You say that Henry George was: “Influenced by socialist ideas, he believed that the government should operate social welfare programs for the benefit of those in need, and that his proposed land tax would be sufficient to fund them.”

This is nonsense.
I am a socialist (President of the Labour Land Campaign here in the UK) and have read most of Henry George’s work including “Progress and Poverty”. I can assure you that Henry Geoerge’s support for the free market was very far from socialism. In fact he and Marx never met but warned their respective supporters against each others ideas.

George did not advocate “social welfare programmes” as he argued that under his system of taxing all land values “social welfare” and private charity on a big scale would become unnecessary.
Henry George argued that the NATURAL wealth of our planet (ie NOT man-made wealth) is for all to share – not just landowners, and that we all create land values.
He argued that by encouraging investors to buy land, sites are kept out of use as they appreciate in value, and workers are denied jobs (depressing wages) and consumers denied homes, goods and services.
George argued for private entrprise to compete on a level playing field with all businesses paying ground rent to the rest of community and with no taxes on their workers’ wages, their sales nor their profits.
With Henry George’s Land Value Taxation (LVT) proposal, all sites would be charged there full economic rent leaving no room for speculation, creating more access to land (nobody would hold land out of use if they paid the land rent to the whole community) more workers would have jobs (no unemployed claiming benefits) and these jobs themselves would be better paid with no income tax and a much reduced civil service releasing former bureaucrats to play a productive role in the economy – providing valued goods and services.
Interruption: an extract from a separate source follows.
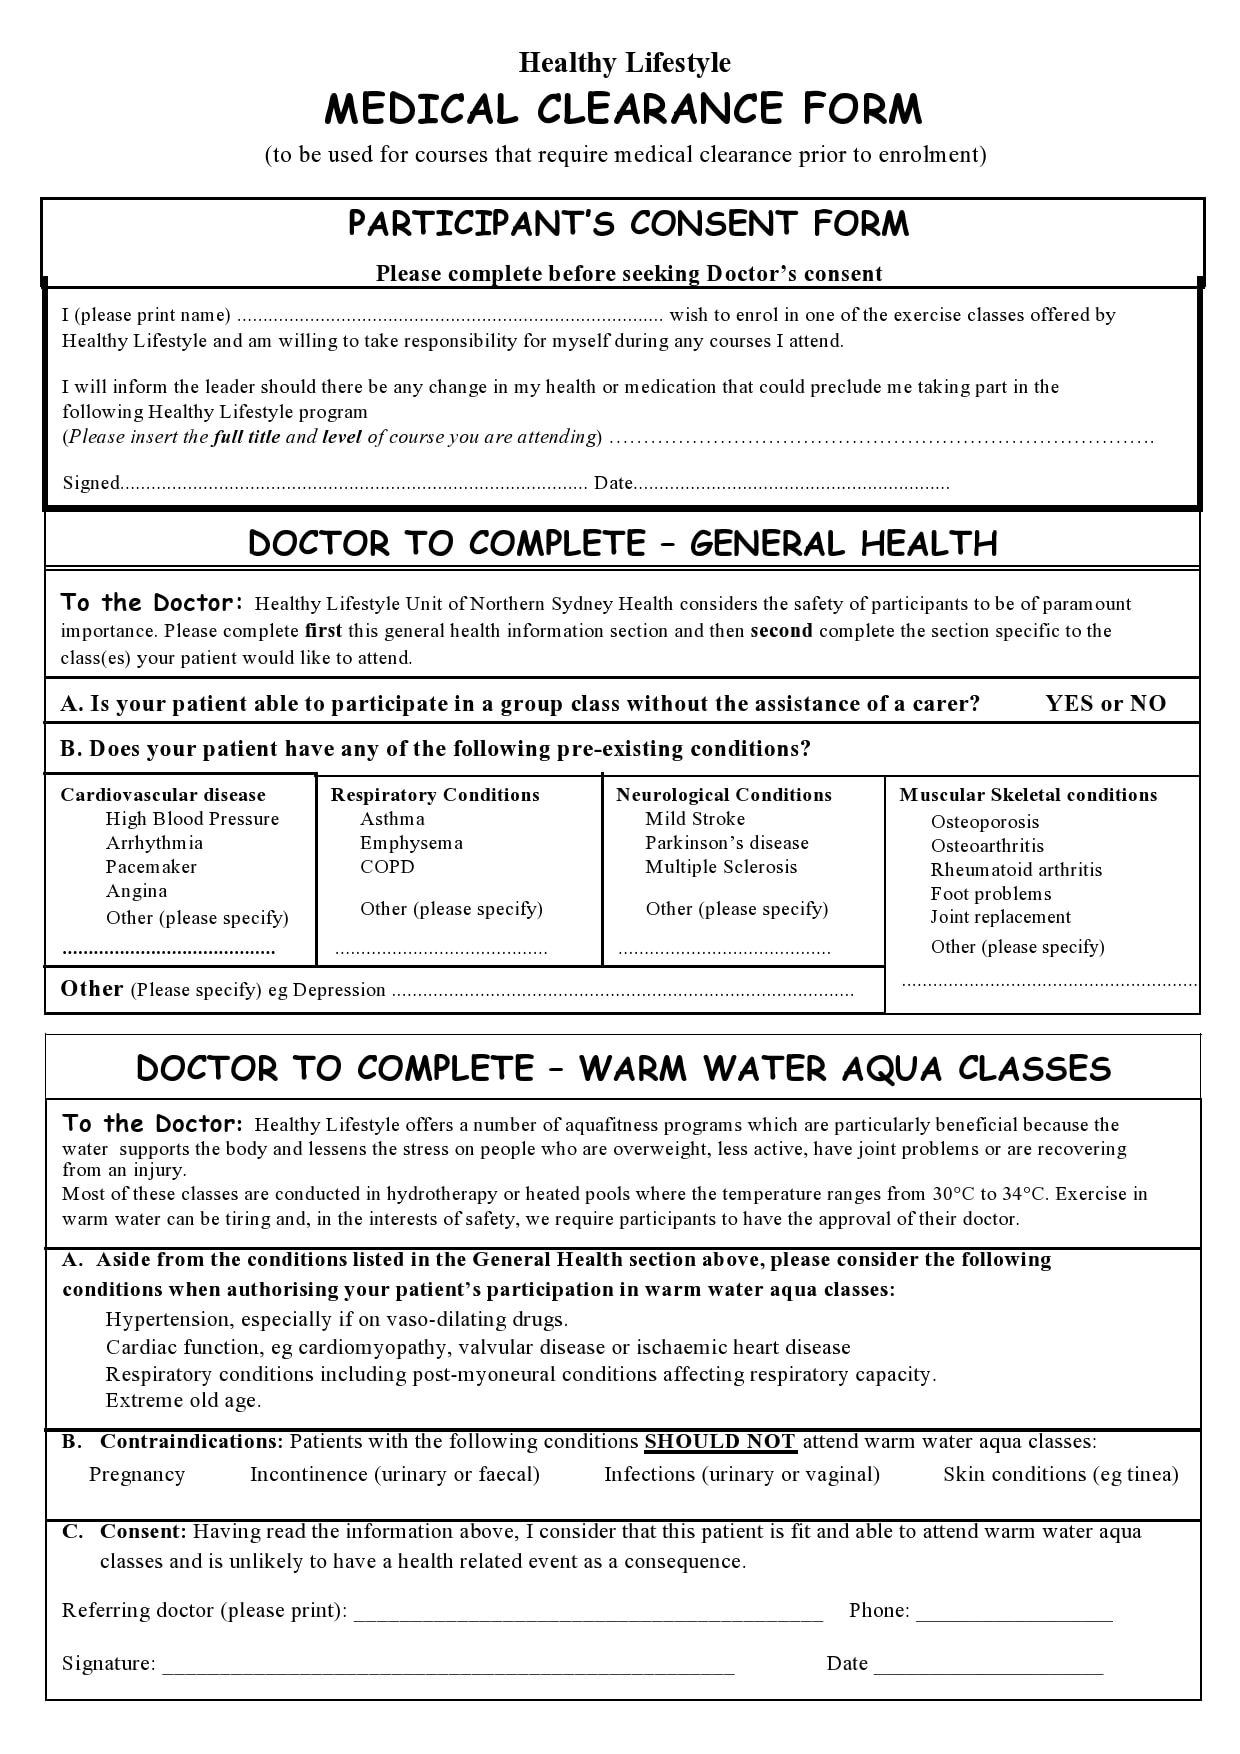 30 Editable Medical Clearance Forms Letters Printabletemplates
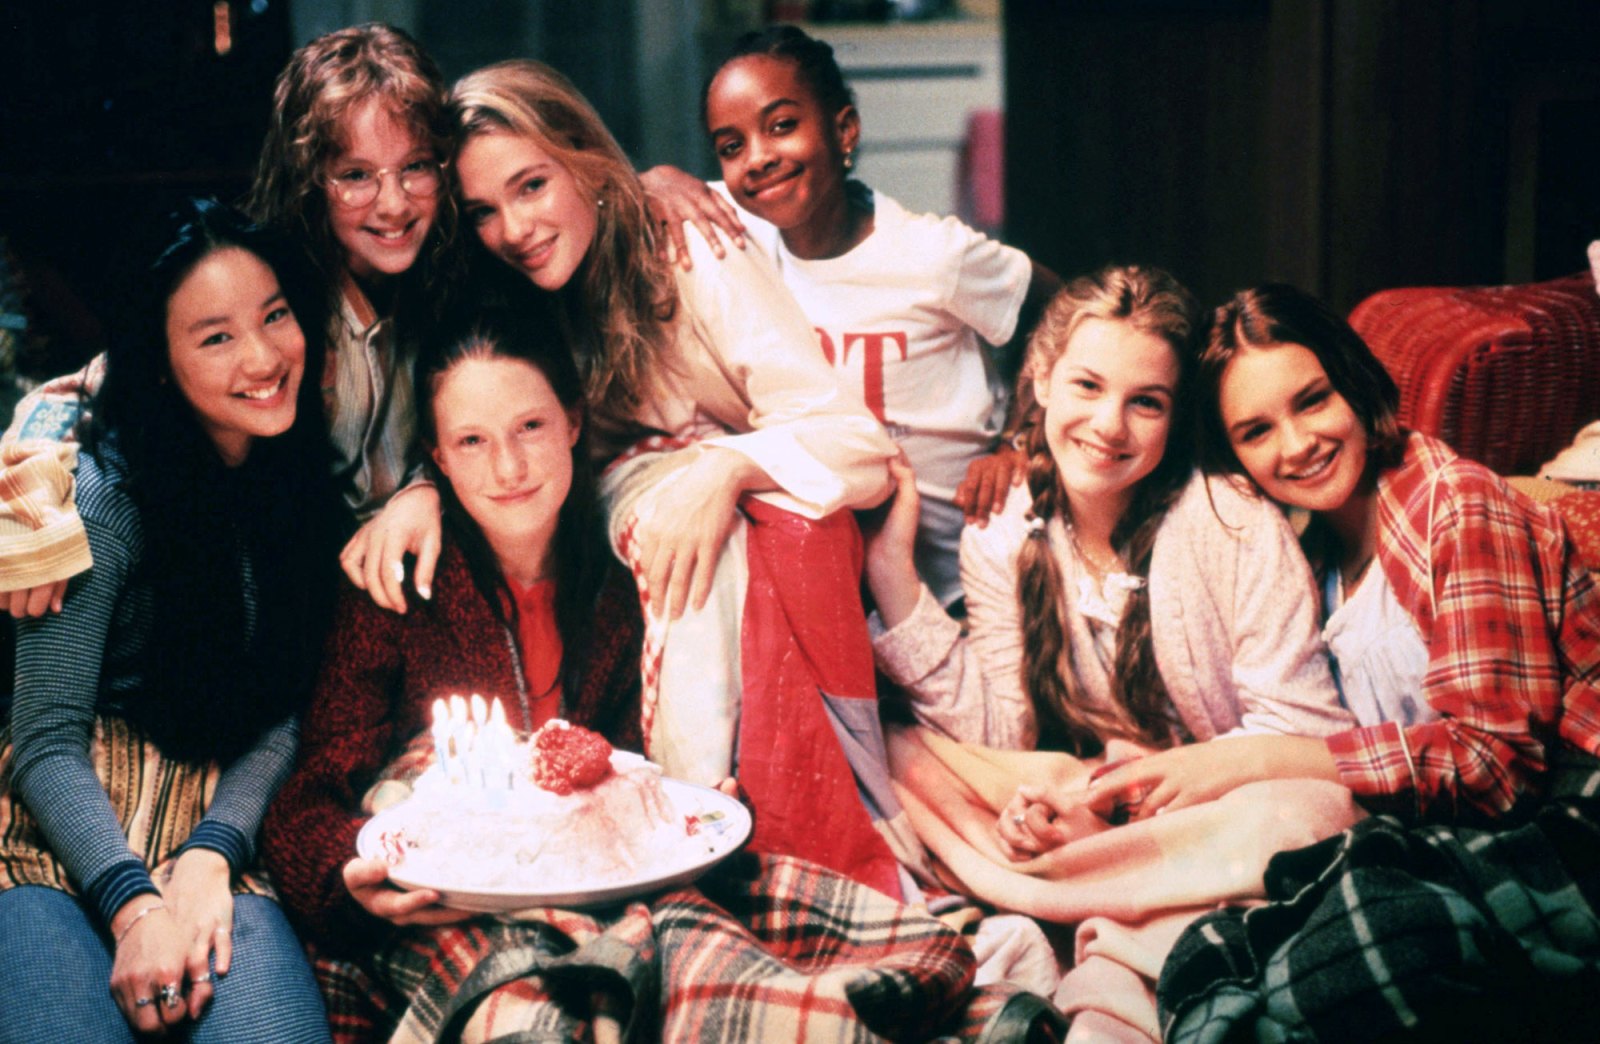 ‘Baby-Sitter's Club’ 1995 Movie Cast: Where Are They Now? Schuyler Fisk, Rachael Leigh Cook and More

Traditionally, most socialists wanted a bigger role for the state with welfare paid to more people, a minimum wage and more state employees in nationalised industries. Most socialists today also want high taxes on company profits and high wage earners and the elimination of wasteful competition between companies. Far from the free market ideals of Henry George.

Of course, modern socialists also argue for a mixed economy with more controls over the excesses of capitalism.

Comment by Jennifer Tanabe on April 11th, 2009 at 10:51 am

Thank you for pointing out that confusion. Indeed George and Marx were quite opposite, and I have added another statement to that effect. Agreed George was no socialist, although he was familiar with socialists (not Marx) and concerned with the same problems and inequalities in society as socialists. His conclusions, however, were indeed different. I hope the revisions make this article more accurate and clear. Thanks again for your feedback.